That was covered by nickyboy in post #18.

The forces in your legs when walking up stairs are generally higher than those riders put through the cranks on a bike. Nearly everybody can walk up a flight of stairs, therefore nearly everybody is already strong enough to ride fast. The problem is that most people can't climb (say) 1,000 flights of stairs one after another - they can't sustain the power required. They could probably cycle at 30+ mph, but only for 100 yards or so.

Power is the rate of expenditure of energy. Energy (or work done) can be represented as a force times the distance for which it is applied. So, you could, for example, apply a lot of force over a short distance for one second, or (say) half the force for twice the distance for one second and the power generated would be the same. That would be like churning a big gear vs spinning half the gear twice as fast.

If you took that to ridiculous extremes, then you could apply a huge force and use a tiny cadence and still generate a lot of power but human bodies do not work efficiently like that. Similarly, you could apply a tiny force and use a huge cadence, but that isn't efficient either. Useful cadences lie somewhere between those extremes, and vary from person to person, and from time to time.

You certainly need to be pretty strong to be a track sprinter but _most_ cyclists are limited by how much oxygen they can get round their bodies in their blood rather than how hard they can push on their pedals. That's why EPO is such a big deal - it doesn't make riders _strong_, it makes them _powerful_ by artificially boosting that oxygen capacity!

Chris Boardman and Graeme Obree were 2 of the fastest cyclists ever but they weren't exactly massively strong.


----------



## outlash (11 Aug 2015)

Spot on Colin & Nicky. Can you now please explain this to my brother in law who complains his knees are knackered after a ride because he thrashes up the local climbs in the lowest cadence possible because in his words he's 'down on power'.


----------



## ColinJ (11 Aug 2015)

outlash said:


> Spot on Colin & Nicky. Can you now please explain this to my brother in law who complains his knees are knackered after a ride because he thrashes up the local climbs in the lowest cadence possible because in his words he's 'down on power'.
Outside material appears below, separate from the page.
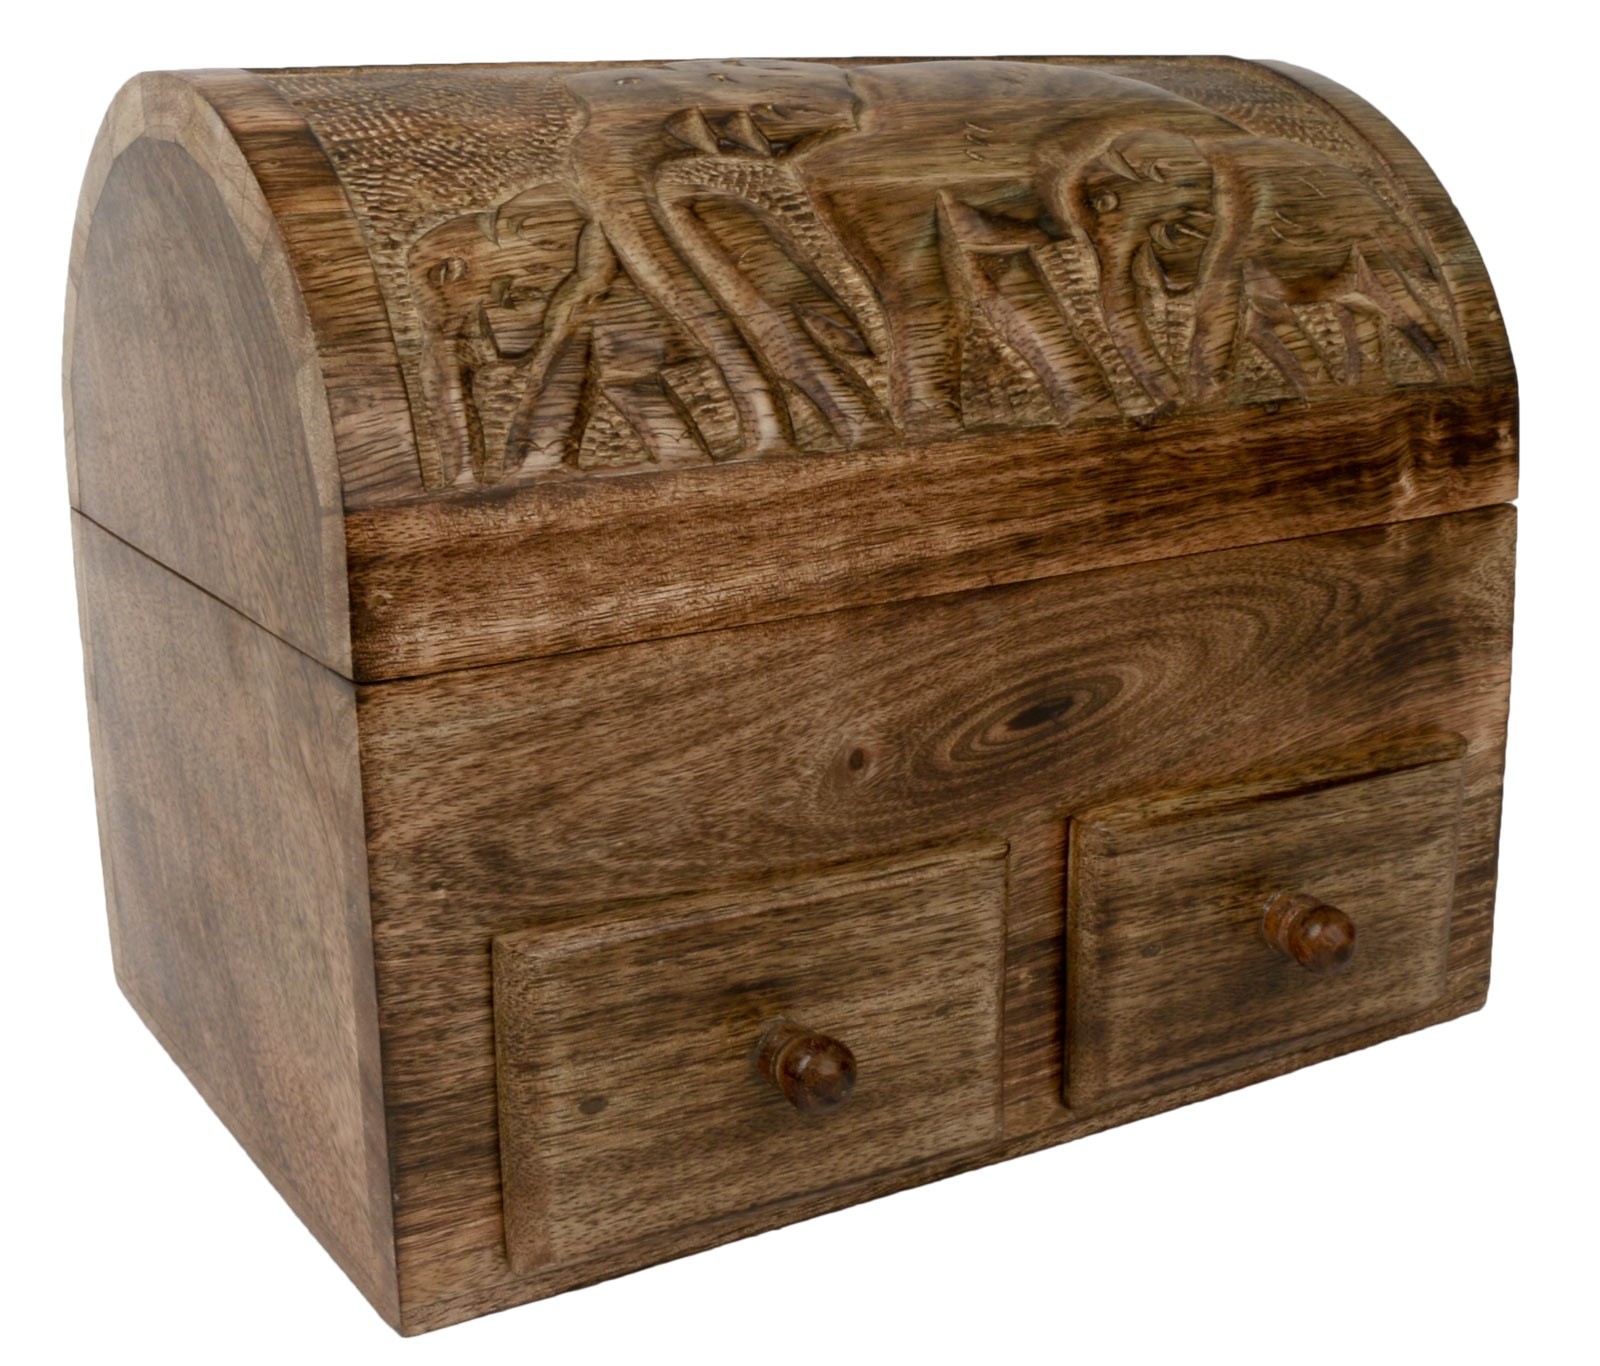 Mango Wood Elephant Dome Top Box with 2 Drawers 25.5cm

I tried explaining to the body-building gear-masher that it would be better to spin a lower gear because if he carried on like that he would destroy the bike or his knees. He said that it felt weird to him to spin because he was used to 'pumping iron'. And 5 seconds later, his chain exploded under the strain!


----------



## outlash (11 Aug 2015)

Bless 'em! You can lead a horse to water......


----------



## fossyant (11 Aug 2015)

I havent an answer. Did a little off road a few years back with me, my 10 year younger runner of a brother, and my lad who was about 8.

Nothing technical. My lad battered him downhill and uphill. My brother can do a good 10k run, 30 something minutes.

Downhill was laughable, but that's a bike skill thing.

I also took him to the velodrome, and he crapped his pants at even doing the bottom of the track.

Dunno. I've been a road rider since I was young and went out with clubs from 16. I commute in traffic without too much worry.

There is lots for a fit runner to take in though.

To balance things out,

On a club run we went MTB'ing and got overtook by a fell runner !! Sometimes it is quicker walking.


----------



## fossyant (11 Aug 2015)

PS you try running for 30-60 minutes. I reccon you won't be walking the next day.

It's a different exercise. Cycling is non impact so allows different muscle use, running is impact, so some of the training is the shock resistance.

As a cyclist, you could keep up with a runner for a bit, but you'll be in serious pain next day, or indeed off to the physio.

Cycling is very specialised muscle wise. It translates to low impact endurance, but not to running


----------



## ColinJ (11 Aug 2015)

fossyant said:


> PS you try running for 30-60 minutes. I reccon you won't be walking the next day.
> 
> It's a different exercise. Cycling is non impact so allows different muscle use, running is impact, so some of the training is the shock resistance.
> 
> ...


True!

For a while I ran to work and a friend cycled there. I borrowed his bike and found it hard going. He tried running after me and it half-killed him!


----------



## fossyant (11 Aug 2015)

I think us Cyclists are just weirdo's. Pain pain, go fast !!!! Repeat !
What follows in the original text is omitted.